Roasted Garlic Onion Jam, one of Stonewall Kitchen’s oldest offerings, put the company on the map, and for good reason.
Roasted Garlic Onion Jam, one of Stonewall Kitchen’s oldest offerings, put the company on the map, and for good reason.
Published Nov. 9, 2015

Stonewall Kitchen has been a beloved brand for almost two decades. The company began small, making artisanal jams, and has grown into a powerhouse producer of hundreds of crackers, pancake mixes, soups, sauces and other products. I have never tried one I didn't like.

I have one all-time favorite, though: Roasted Garlic Onion Jam.

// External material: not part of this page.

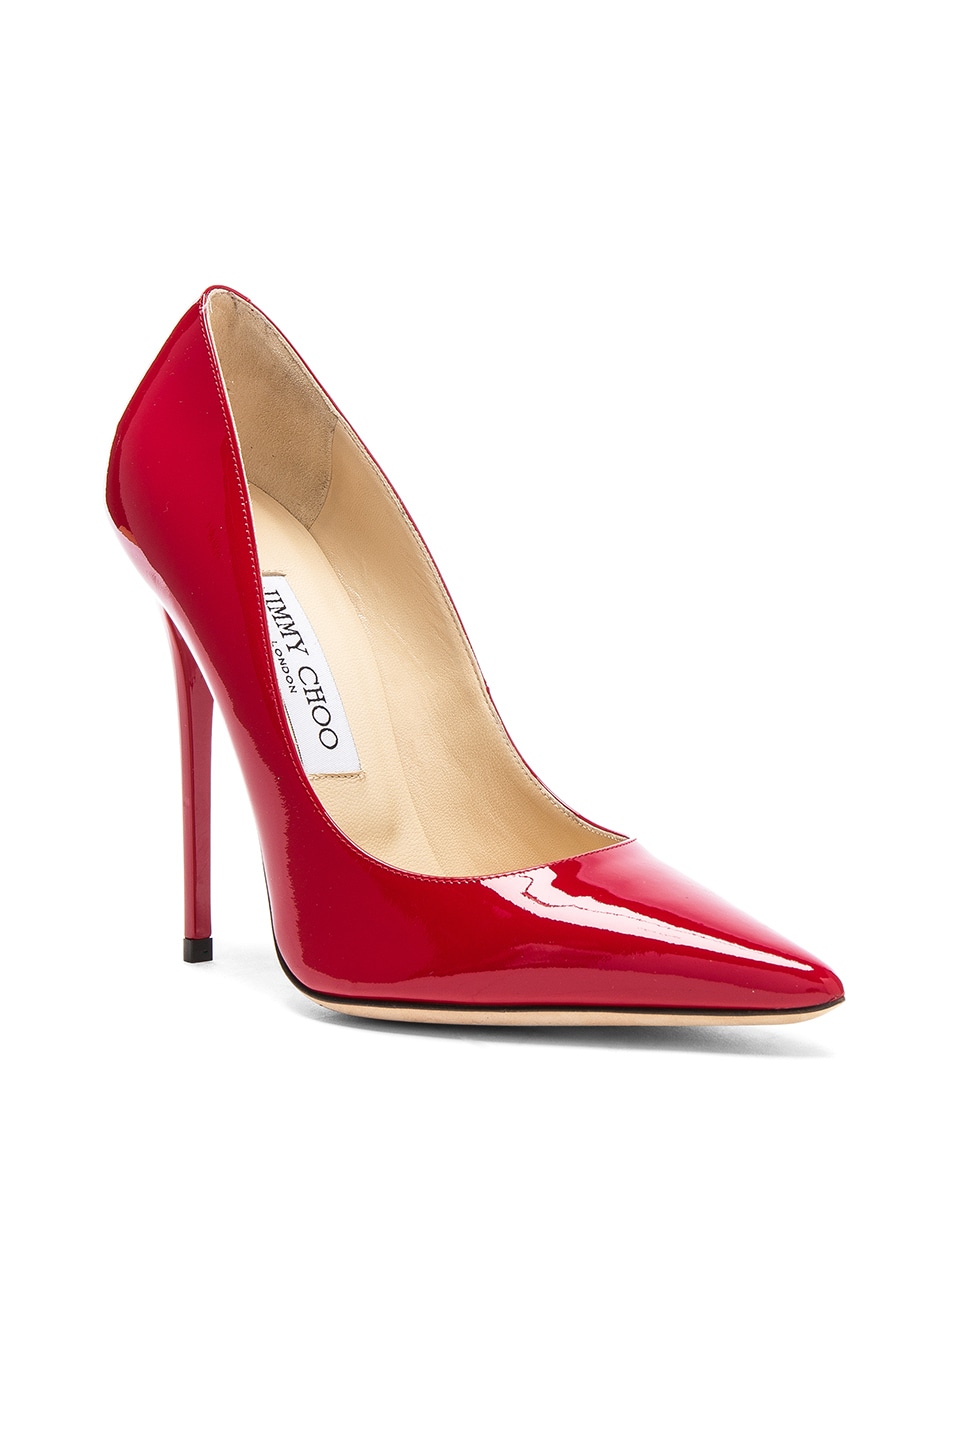 Jimmy Choo Anouk 120 Patent Leather Pump in Red | FWRD

It's one of Stonewall Kitchen's oldest offerings and the one that put the company on the map. Jonathan King and Jim Stott had been moonlighting from their day jobs in the early 1990s, cooking up batches of jam that they sold (and sold out of) at weekend markets. They began adding flavored oils and savory spreads such as pesto, to great success. They expanded and began a small wholesale business. In the mid-1990s, an admirer suggested they display at the Fancy Food Show in New York, attended by thousands of hopeful purveyors and about 40,000 retailers looking for the Next Big Thing in food. In 1995, at their first show, they won the outstanding jam award for Roasted Garlic Onion Jam.

Easy to see why, especially back then when roasting and caramelizing onions and garlic was not the ubiquitous technique it is today.

It's a lovely thing, savory with a bit of sweetness. My favorite way to use it is easy and always draws raves: Spread toasted baguette slices with softened goat cheese and top with a bit of the jam. That's it! It has many more applications, as a glaze for chicken and pork and stirred into mashed potatoes, for example. Putting it on a burger or adding it to a vinaigrette is good, too.

Roasted Garlic Onion Jam is expensive (it can cost almost $8 a jar, available locally at the Fresh Market for $6.95) so I don't waste it in long-cooking sauces. It shines as a star, meted out in modest amounts, always memorable.